At times, Finn comes to me for comfort. Without looking at my face, he soundlessly falls into my lap. I rock him, and when he offers his tender palms for me to pet, I stroke them lightly with my index finger. His breathing slows, his muscles slacken, he almost purrs. And I am flush with love for this strange child. It’s different between him and Annabel. He has never tried to hug her. When she grabs him, he pushes her or turns away. Lately he has started to bite.


“I don’t get it, Annabel,” I said one day. “Why do you love him so much?”

“I just do,” she replied.

Then it hit me. Annabel can’t remember a time before Finn. She got to know him without any notion of what a “normal” brother would be. She was never burdened with the longing that felled my husband and me. She never hoped, like I did, that getting his eyes straightened or tubes put in his ears might allow Finn to look at us and answer to his name.
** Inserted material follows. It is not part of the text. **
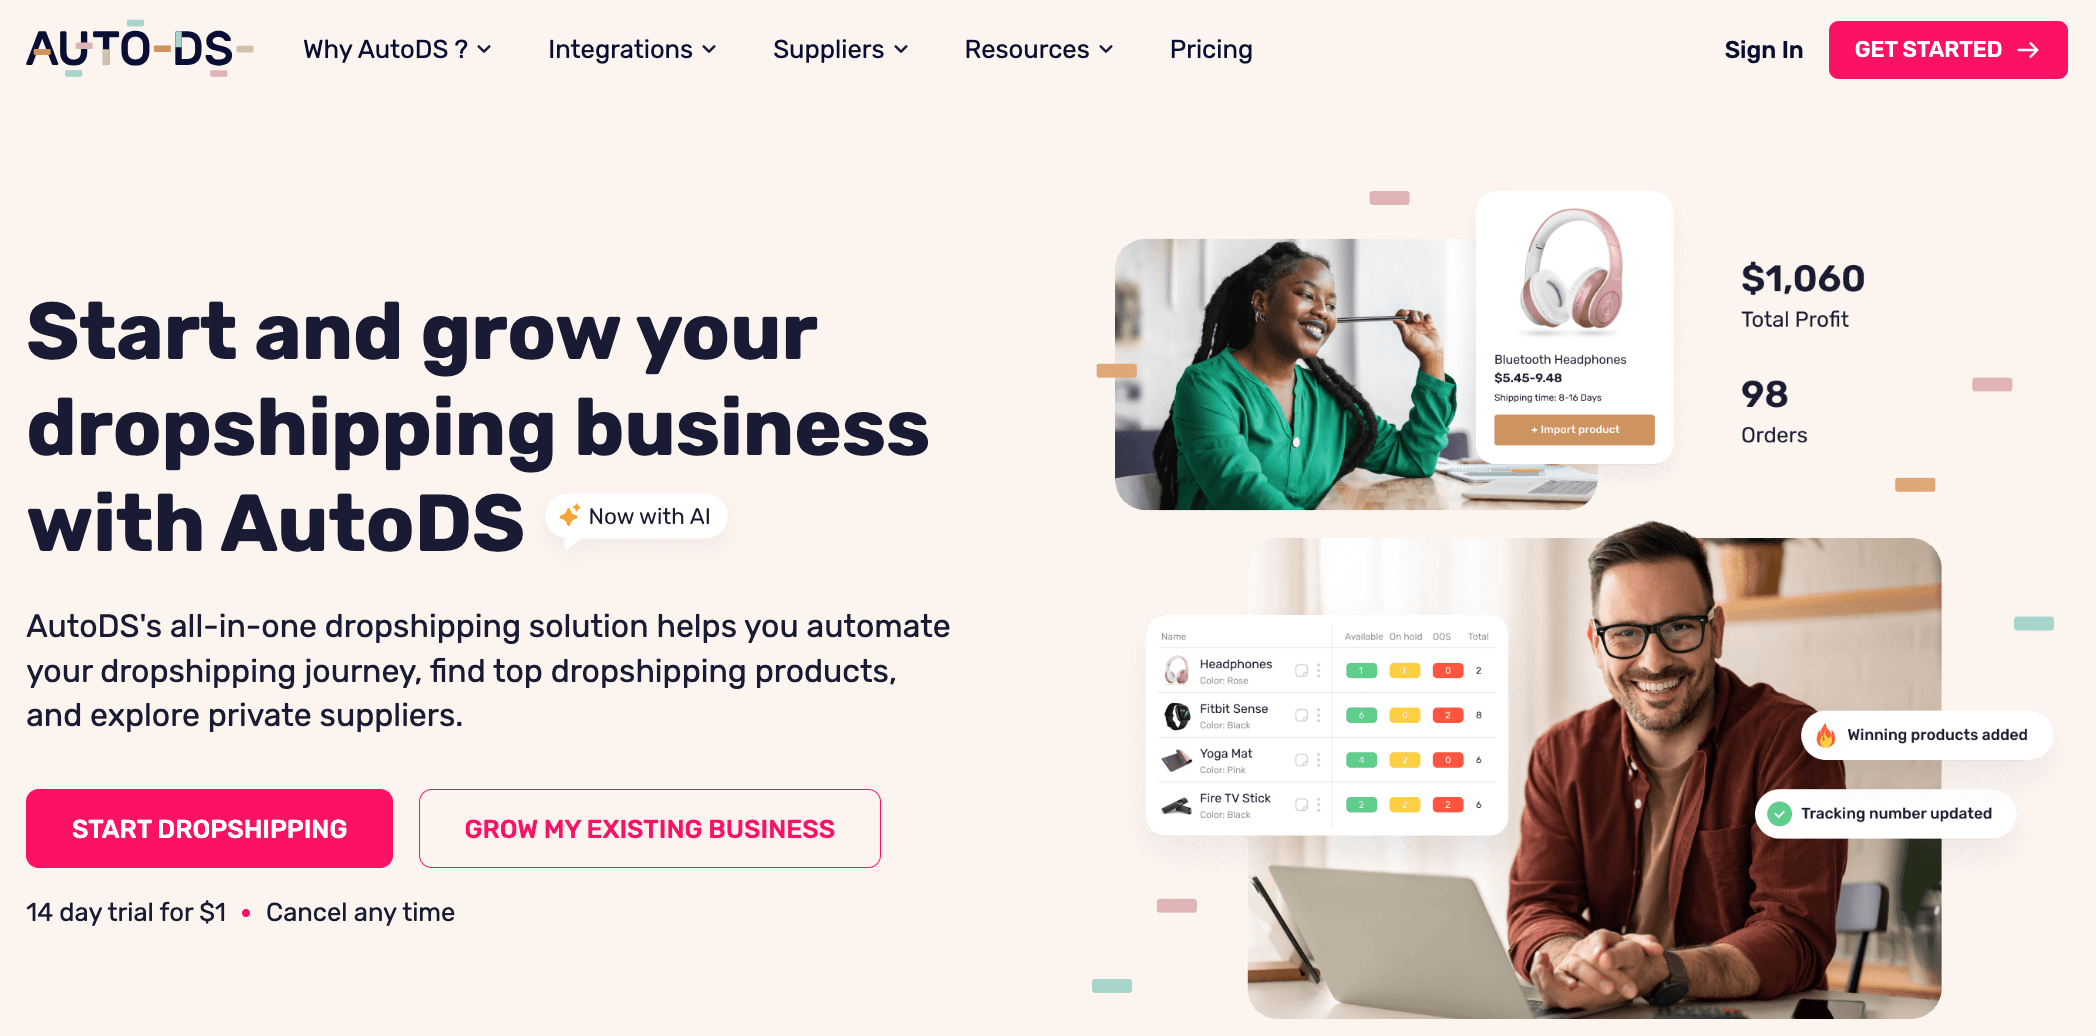 Homepage showing how to grow your business with AutoDS
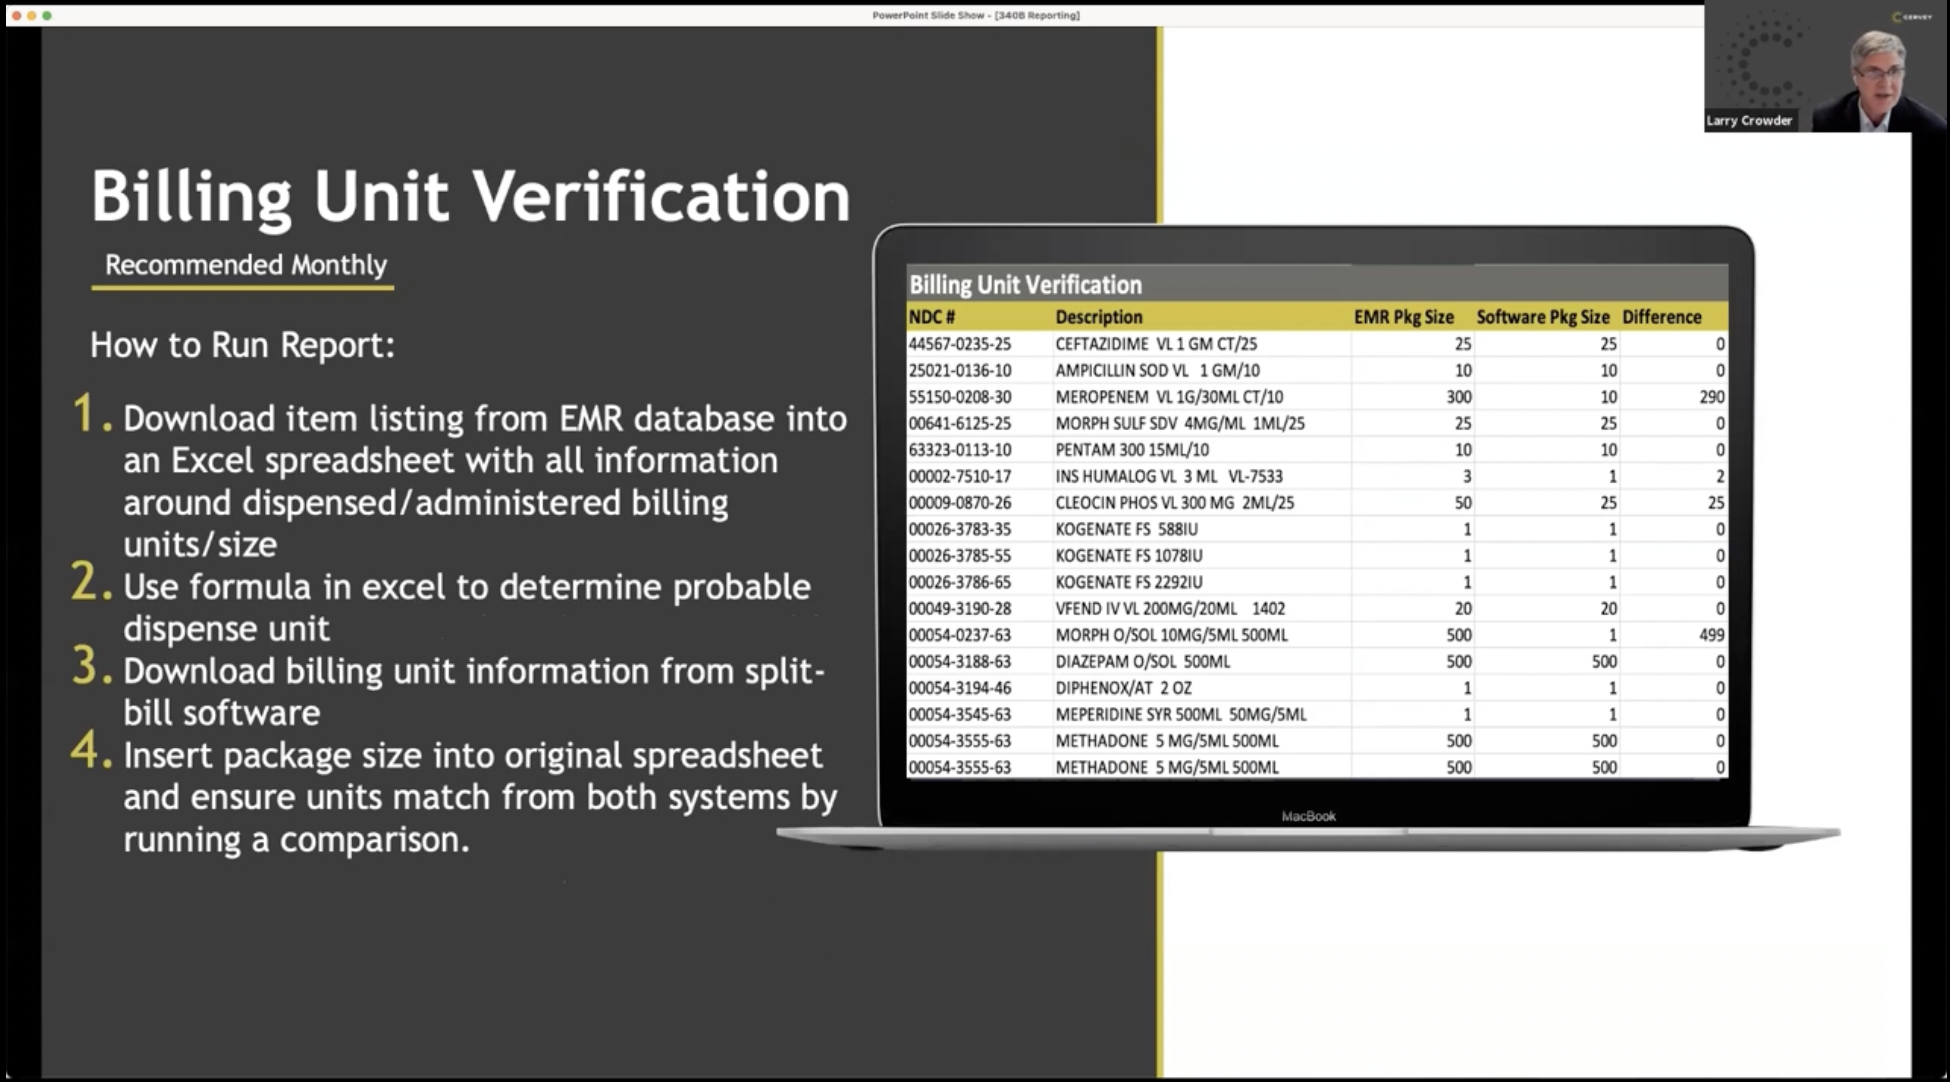 How to Run the Billing Unit Verification Report

She never believed that modern medicine would give us the boy we were supposed to have, the Real Boy.

I know Annabel’s love for Finn won’t remain this uncomplicated. As she enters the world and sees how others view him, she may want a different brother. She may feel as embarrassed as I do when Finn’s behavior draws stares on the playground. But for now she is my teacher. I can’t pretend that it doesn’t bother me each time a birthday passes without Finn’s knowing what that means. But following Annabel’s lead, I can try to love Finn for who he is. Not for who he’s supposed to be.

Like my daughter, I can take joy in his joy, the way he smiles when he jumps on the bed or splashes in the tub or hangs his head upside down from the sofa—a smile so brilliant and true that, at moments, it bursts my heart.